Automated Verification:

• {From design's ## Slices → ### Slice N → #### Automated Verification:}

Manual Verification:

• {From design's ## Slices → ### Slice N → #### Manual Verification:}

Phase 2: {Descriptive Name}

{Similar structure with both automated and manual success criteria...}

Testing Strategy

Automated:

• {Standard project checks from success criteria}

Manual Testing Steps:

1. {From design's Verification Notes — listed as manual testing steps for reference; not load-bearing for verification since design's ## Slices Success Criteria already encode the per-phase manual checks}
2. {Another reference step}

Performance Considerations

{From design artifact — copied directly}

Migration Notes

{From design artifact — copied directly. If applicable: schema changes, data migration, rollback strategy, backwards compatibility. Empty if not applicable.}

Developer Context

{Empty at skeleton write; Step 4.4 fallback notes and any post-write developer interactions land here.}

References

• Design: .rpiv/artifacts/designs/{file}.md
• Research: .rpiv/artifacts/research/{file}.md
• Original ticket: thoughts/me/tickets/{file}.md

### Step 4: Independent Plan Review

After Step 3 finalizes the artifact, dispatch two independent review subagents in parallel — one to walk every Phase code fence, one to walk every verification intent — both against the live codebase at HEAD. This is the single post-finalization quality gate for the entire `design → plan` pipeline: code review was deliberately deferred from design to here, where code + Success Criteria + phasing are all visible in one artifact for joint review (blueprint-equivalent topology).

#### 4.0. Flip status to in-review

Before dispatching the reviewers, Edit frontmatter `status: in-progress` → `status: in-review` (Step 5 flips to `ready` after triage — keeps consumers off an artifact still being edited).

#### 4.1. Dispatch artifact-code-reviewer and artifact-coverage-reviewer in parallel

Reuse the exact `file_path` string passed to `Write` at Step 3 — the runtime already resolved it for this platform; do not rebuild it from `pwd`. `ls` to verify it still exists; abort dispatch on miss.

Send both Agent calls in a single assistant message so they run in parallel:

Agent({ subagent_type: "artifact-code-reviewer", description: "post-finalization plan code review", prompt: `Plan artifact: {Step-3 Write file_path, ls-verified}

Review the finalized plan against the live codebase at HEAD. Walk every Phase code fence, audit against code-quality / codebase-fit / actionability, emit one severity-tagged row per finding.` })

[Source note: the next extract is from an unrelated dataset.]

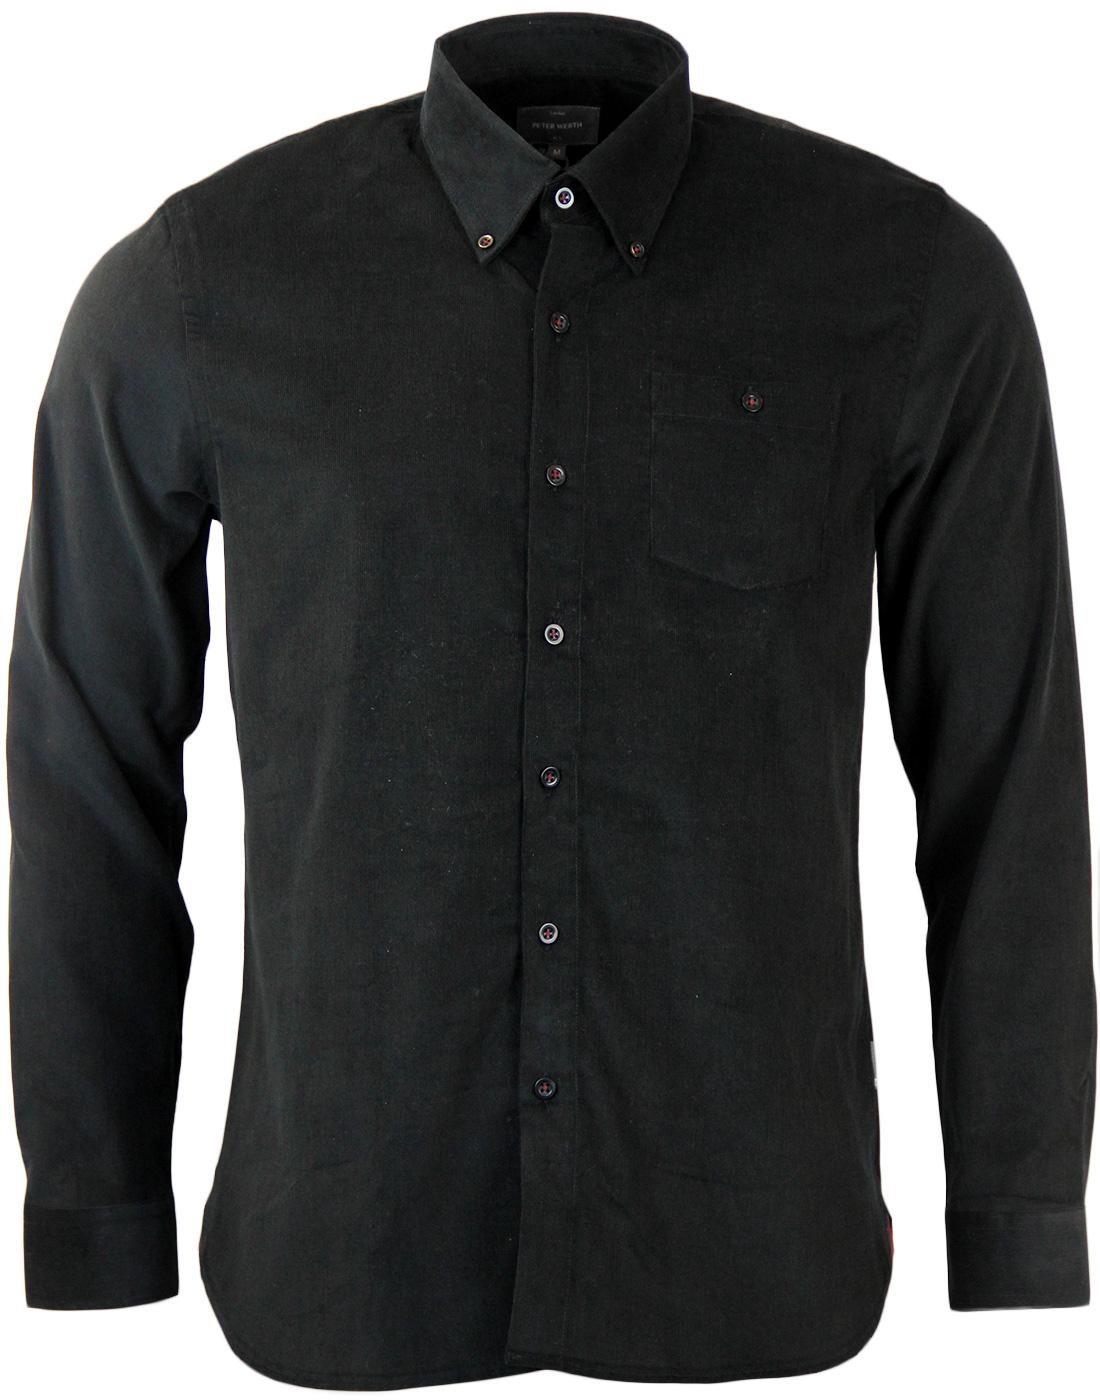 PETER WERTH Toil Retro Mod Fine Cord Shirt in Black

Agent({ subagent_type: "artifact-coverage-reviewer", description: "post-finalization plan coverage review", prompt: `Plan artifact: {Step-3 Write file_path, ls-verified}

Review the finalized plan's verification-intent coverage. Walk every ## Verification Notes and ## Precedents & Lessons entry; for each, verify it lands in either a phase's ### Success Criteria: bullet or as a visible code mirror. Emit one severity-tagged row per uncovered entry.` })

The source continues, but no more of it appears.